Светлый фон

Да, Иван IV Грозный (1547—1584) в свое время изъявил настойчивое желание венчаться царским чином (впервые на Руси). Но не «императором римлян», как того требовала традиция преемственности власти Московского государя от Византийских самодержцев, а «царем всея Руси». Отметим также, что в своей текущей политике царь был верным приверженцем не византийских авторов, а Макиавелли (1469—1527), сочинения которого охотно и часто читал[901].

Впрочем, в практической деятельности и другие самодержцы не особенно озадачивались проблемой доказать свою преемственность от Византии. Напротив, в официальных актах и дипломатической переписке зачастую речь идет скорее о том, что Москва заменяет собой Византию, а не продолжает ее. Эта тенденция совпала, как известно, с охлаждением отношения к грекам, в которых видели отступников от веры. Разумеется, такой подход не только резко сужал «имперский» кругозор России, но и становился основой национального затвора от всего остального мира. Решающим стало национальное самоутверждение, проглядываемое в строках Филофея пока еще лишь исподволь[902].

Национальный подъем тех лет вполне объясним, поскольку освобождение от татарского ига дало мощный толчок русскому самосознанию и национальной гордости, соединенных с ощущением собственной силы. Безусловно, этот рост народного духа был явлением положительным и естественным. Однако он нес в себе некоторые семена односторонности и ограниченности. «С русским народом случилось то самое, что бывает с человеком, который обращается исключительно с лицами, с низшими его по духовному развитию, и от этого получает преувеличенное понятие о своем достоинстве и значении»[903].

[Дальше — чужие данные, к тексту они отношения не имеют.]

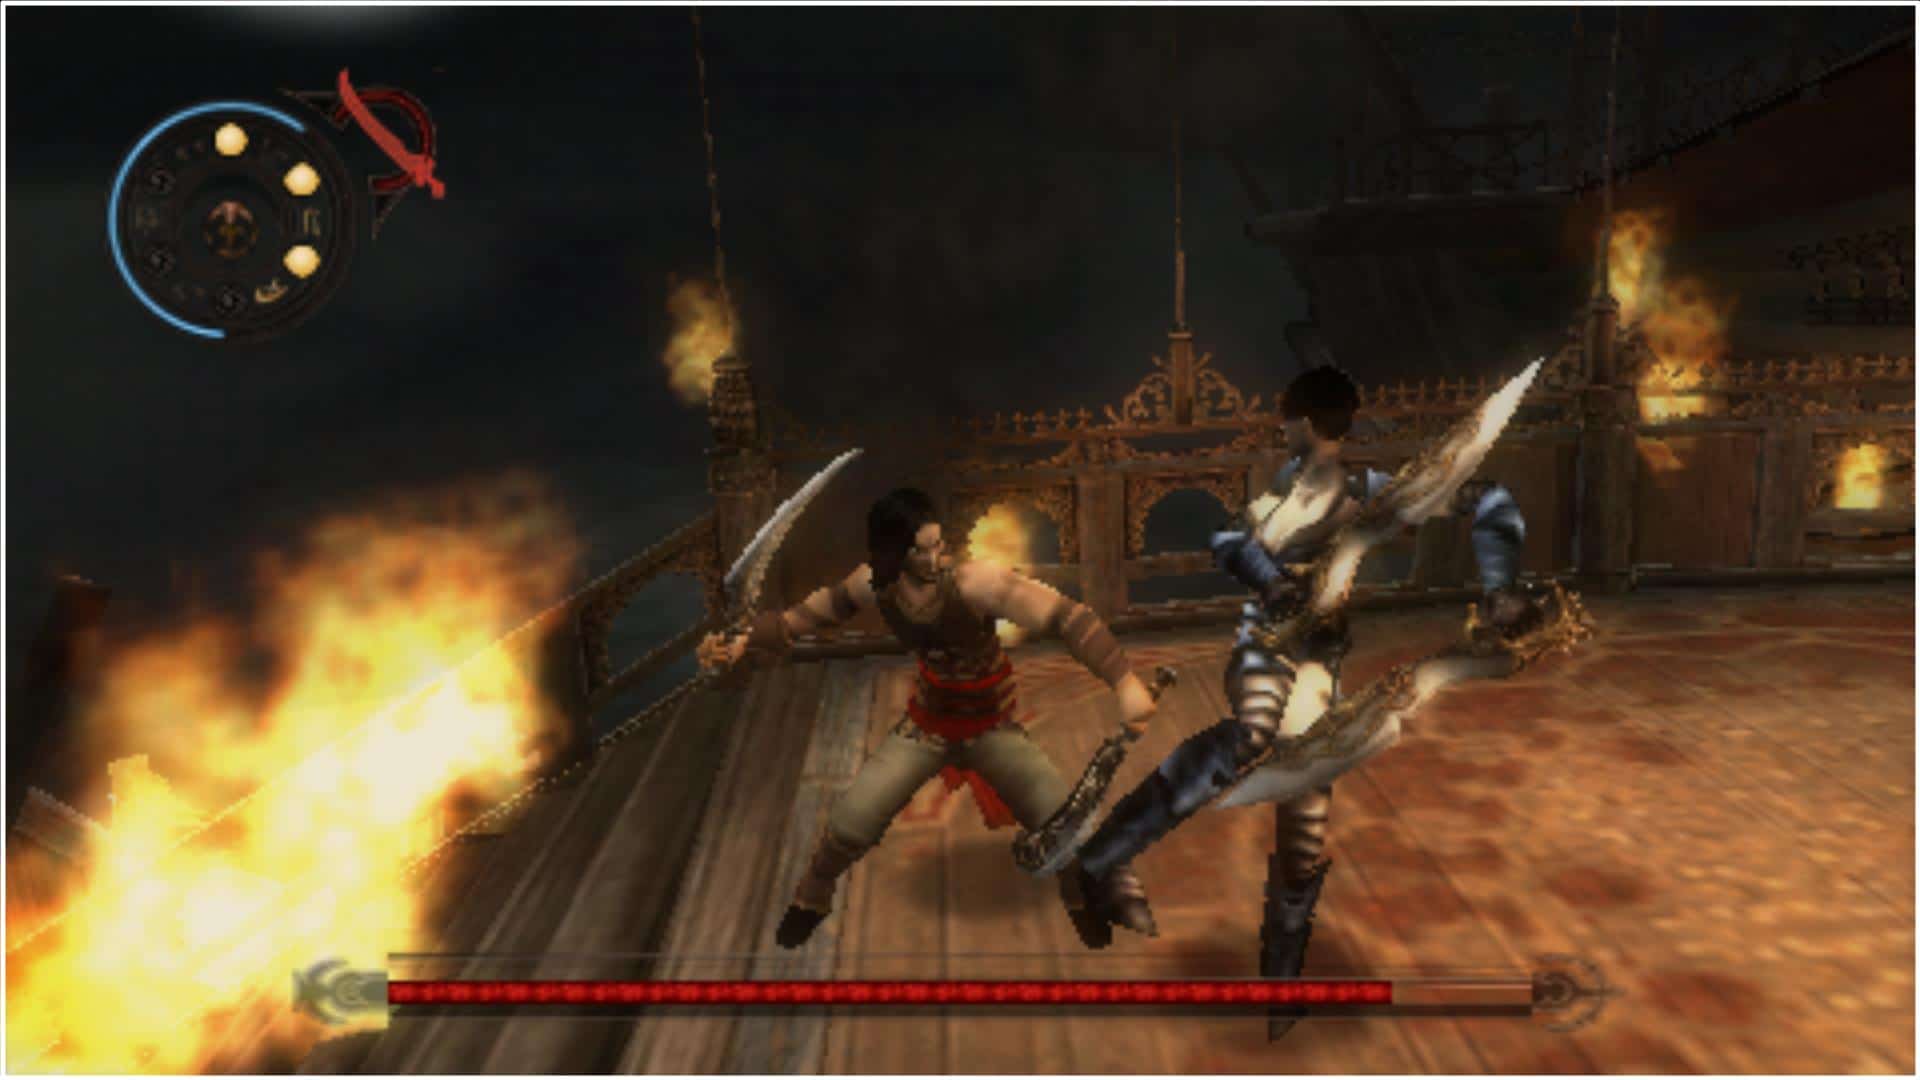 PSP] Prince of Persia - Revelations (USA) (En,Fr,Es) : Ubisoft  Divertissements Inc. : Free Download, Borrow, and Streaming : Internet  Archive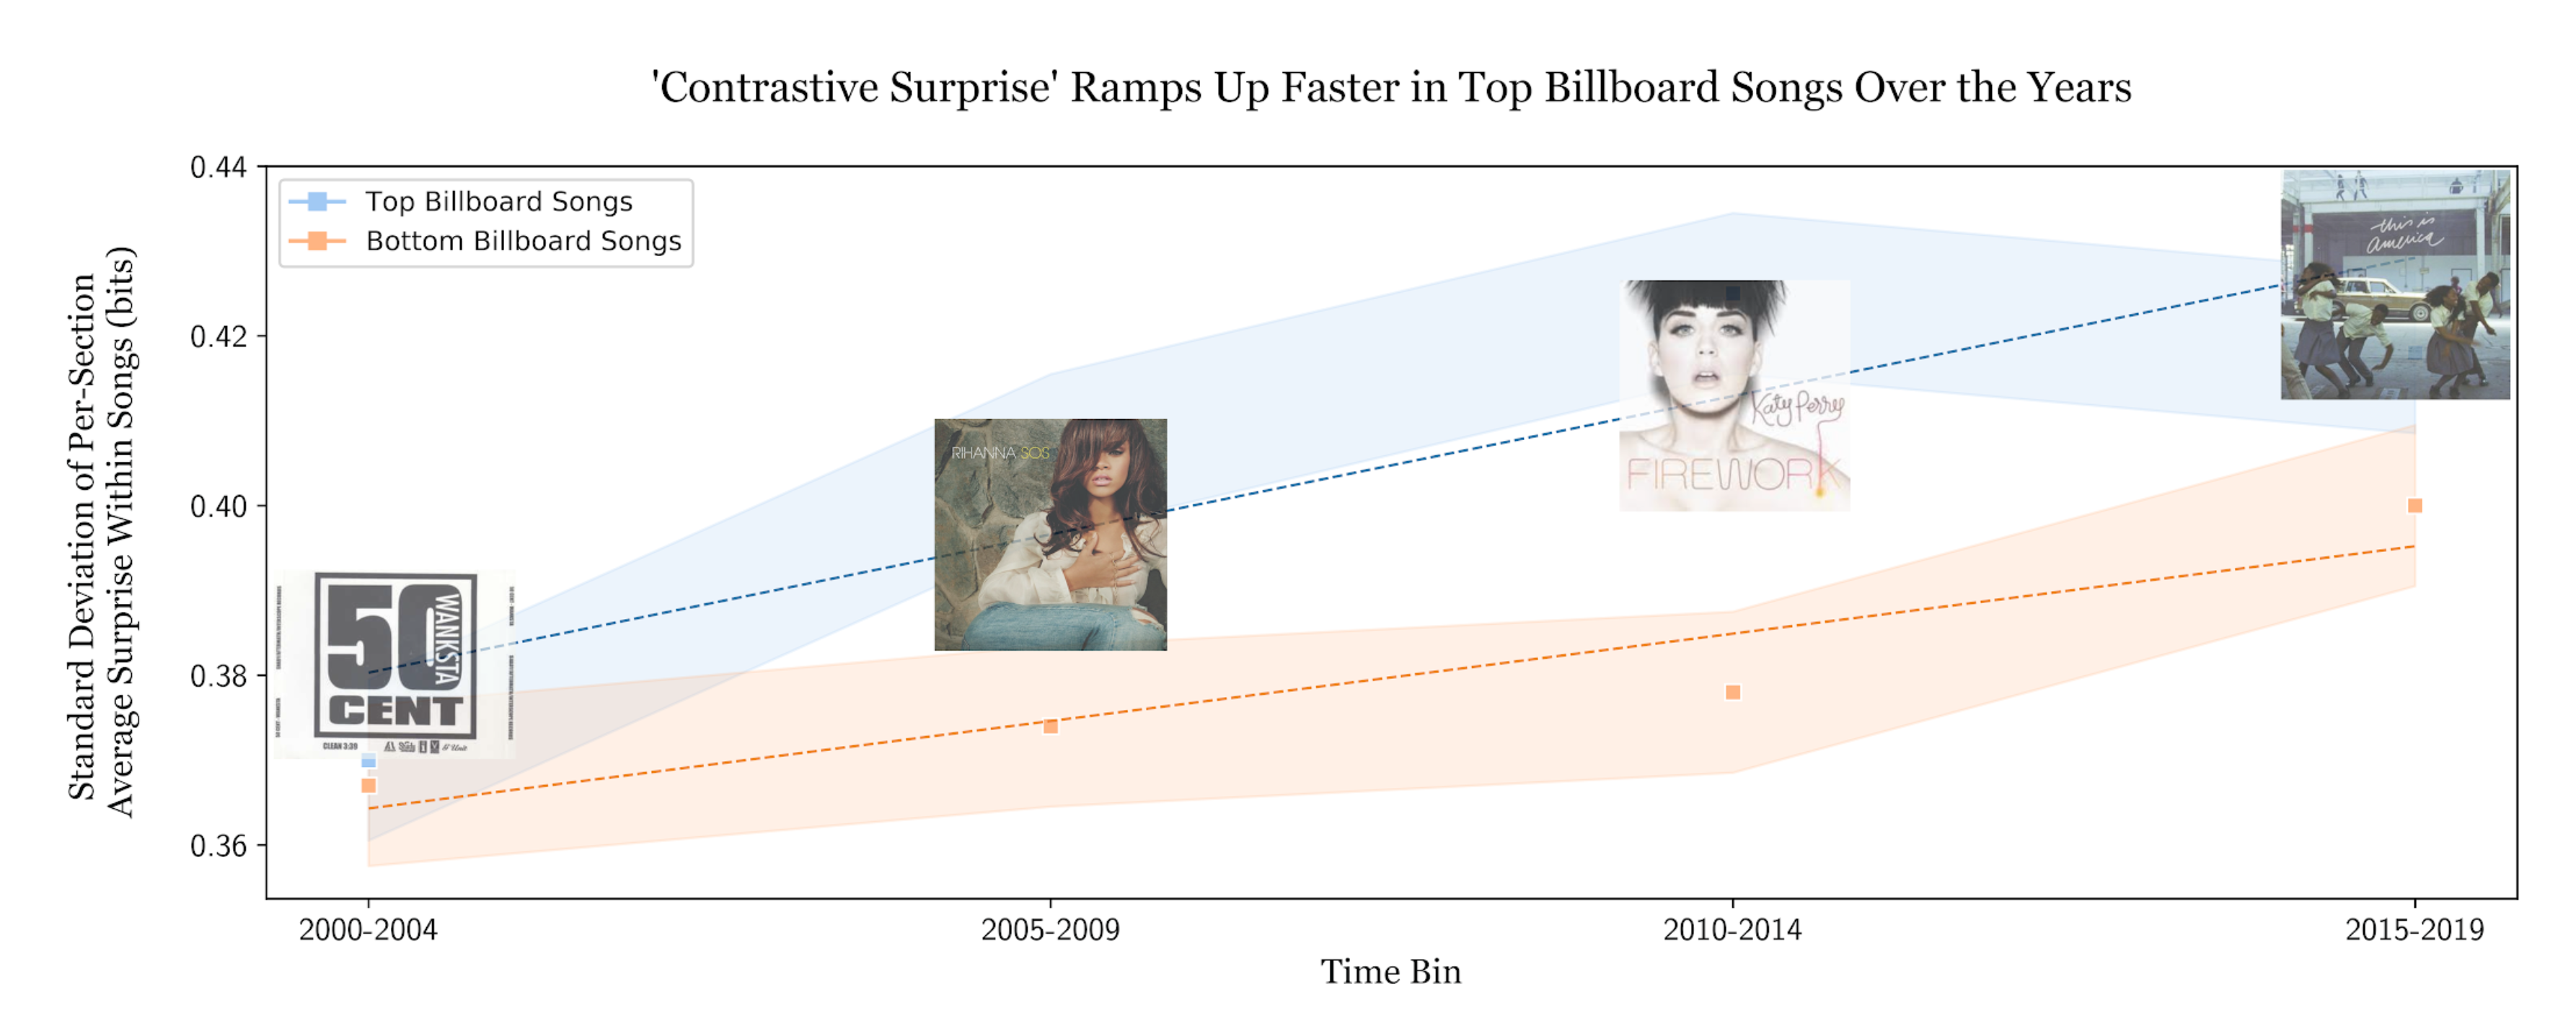 Over 20 years, top-performing songs were shown to increase their level of harmonic surprise at a faster rate than bottom-performing songs.

Дальнейшие события, когда вдруг «выяснилось», что, в отличие от русских, «греки веру продали», сговорившись с латинянами во Флоренции и подписав унию («Греческое царство разорися и не созиждется, сиа вся случися грех ради наших, понеже они предаша православную греческую веру в латынство», – как писал старец Филофей в своем послании[904]), лишь способствовали консервации самых вредных для нашего государственного и церковного строя практик. Последовавшие затем попытки при Иване IV и Алексее Михайловиче унифицировать обрядовые книги и внести необходимые исправления в богослужебные тексты вместо ожидаемого результата привели к обратному итогу: москвичи уверились, что именно Русь сохранила истинную веру, а греки ее «испортили», причем еще несколько столетий назад. Отсюда – недоверие к ним и даже вражда, не прибавлявшие широты нашему мировоззрению.